AI companions become far more compelling to speak with than most other people, and can communicate seamlessly with us in real time, a change that happens faster than anyone expected. Loneliness becomes less of an issue, but new forms of social isolation emerge, in which some people would rather interact with AIs than humans. AI-powered entertainment provides incredibly customized and unique experiences that mix games, stories, and movies. This doesn’t mean that everyone becomes an introvert, speaking only to artificial intelligences. They are still not sentient, in this scenario, and humans still will want to do human things with other people.

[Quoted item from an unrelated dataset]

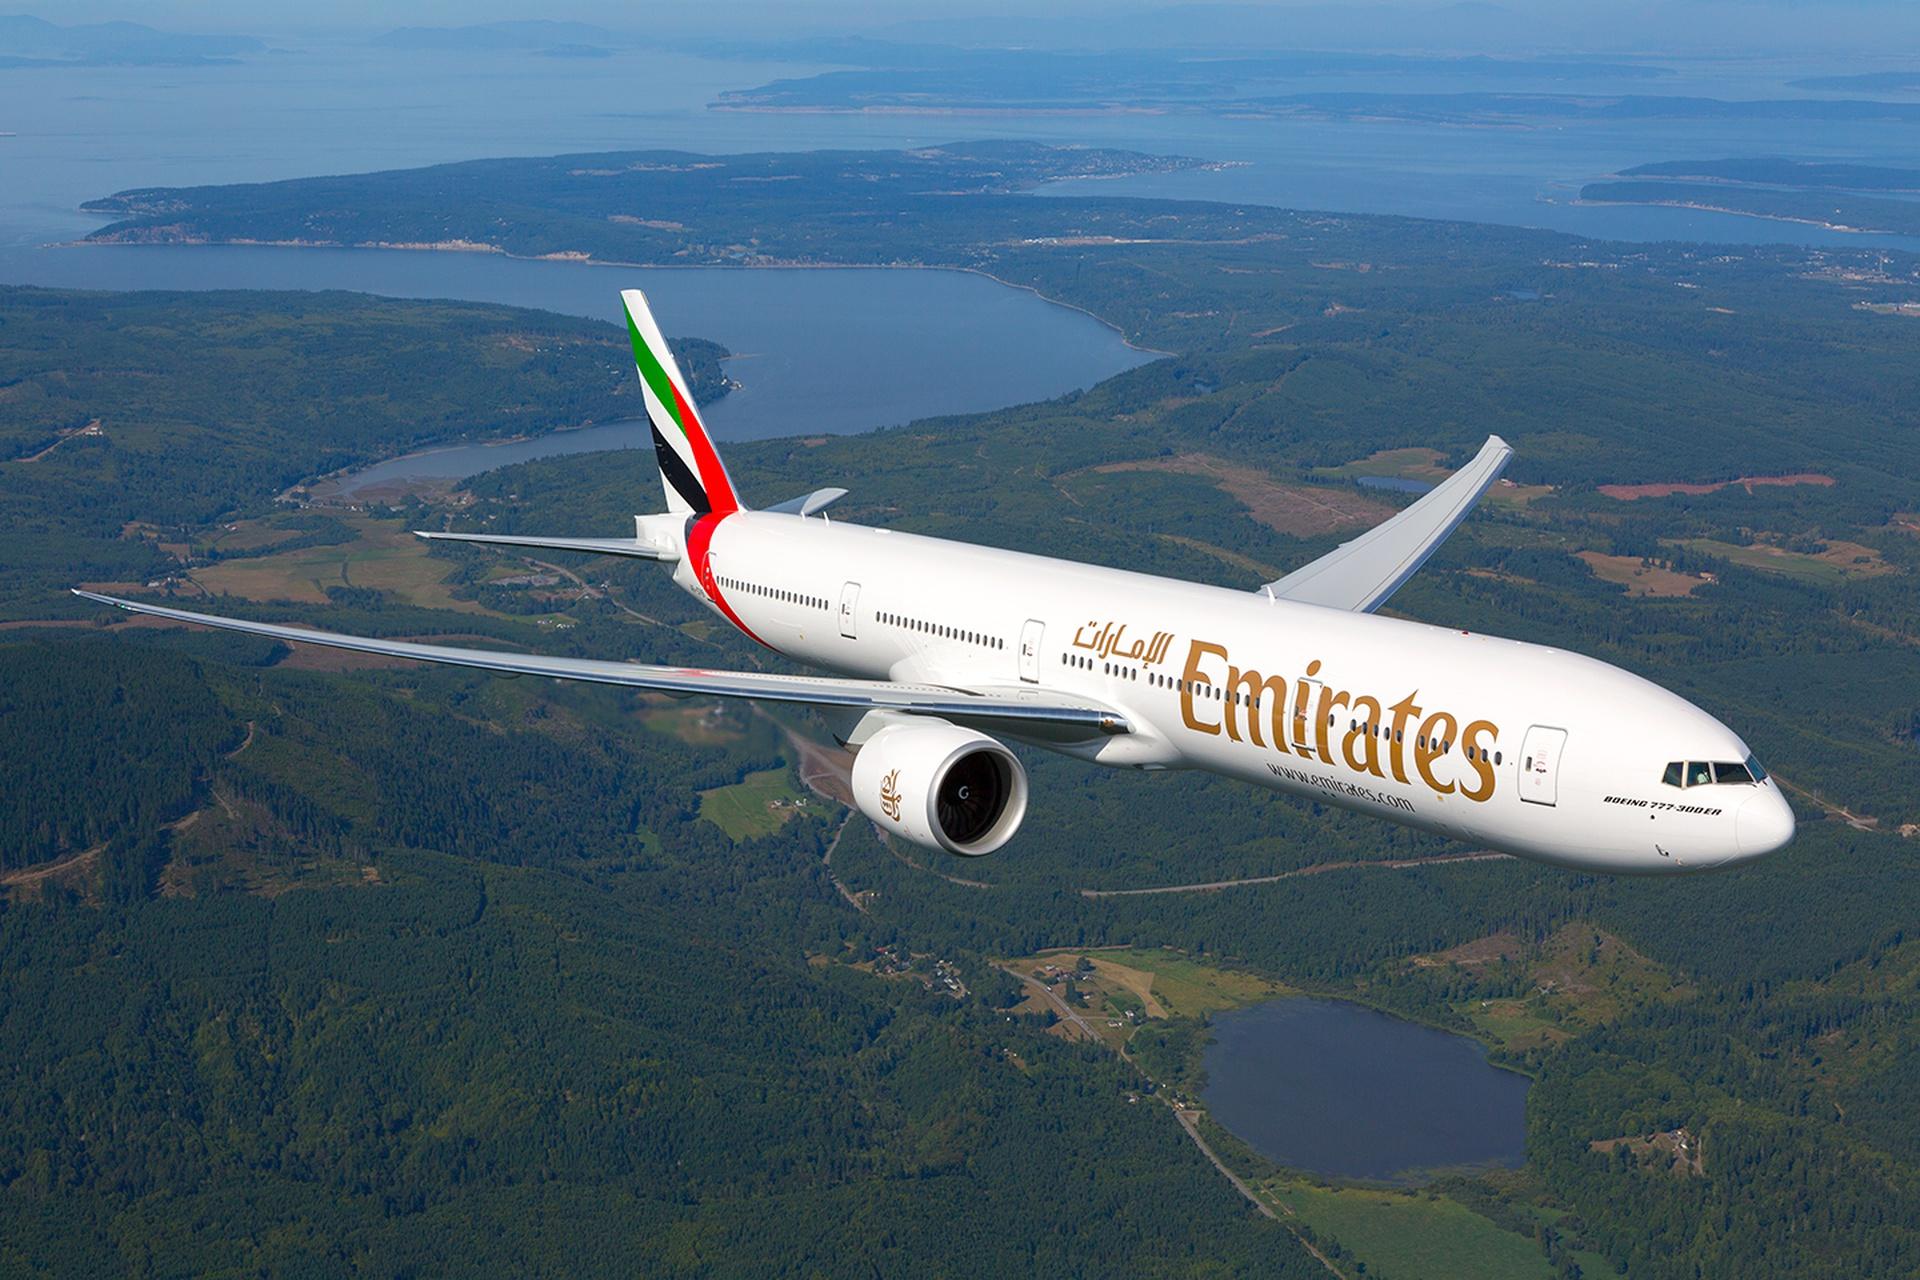 Emirates resumes flights to Addis Ababa, Guangzhou, Oslo and Tehran

And here, AI can help unlock human potential. AI therapists and assistants help people who want to improve themselves do so in new ways. The ability to use AI to accomplish tasks in days, that would otherwise take years, allows new types of entrepreneurship and innovation to flourish. I have already spoken to physicists and economists who are able to do much more focused research because AI serves as both a source of inspiration and as a way of outsourcing time-consuming, pricey programming and grant-writing tasks. Perhaps AI companions will help us all achieve goals that were previously out of reach. And it is probably good that this is possible, because we are all likely to have more free time under this scenario.
Scenario 4: AGI
In this fourth scenario, machines reach AGI and some form of sentience. They become as smart and capable as humans. Yet there is no particular reason that human intelligence should be the upper limit. So these AI, in turn, help design smarter AIs still. Superintelligence emerges.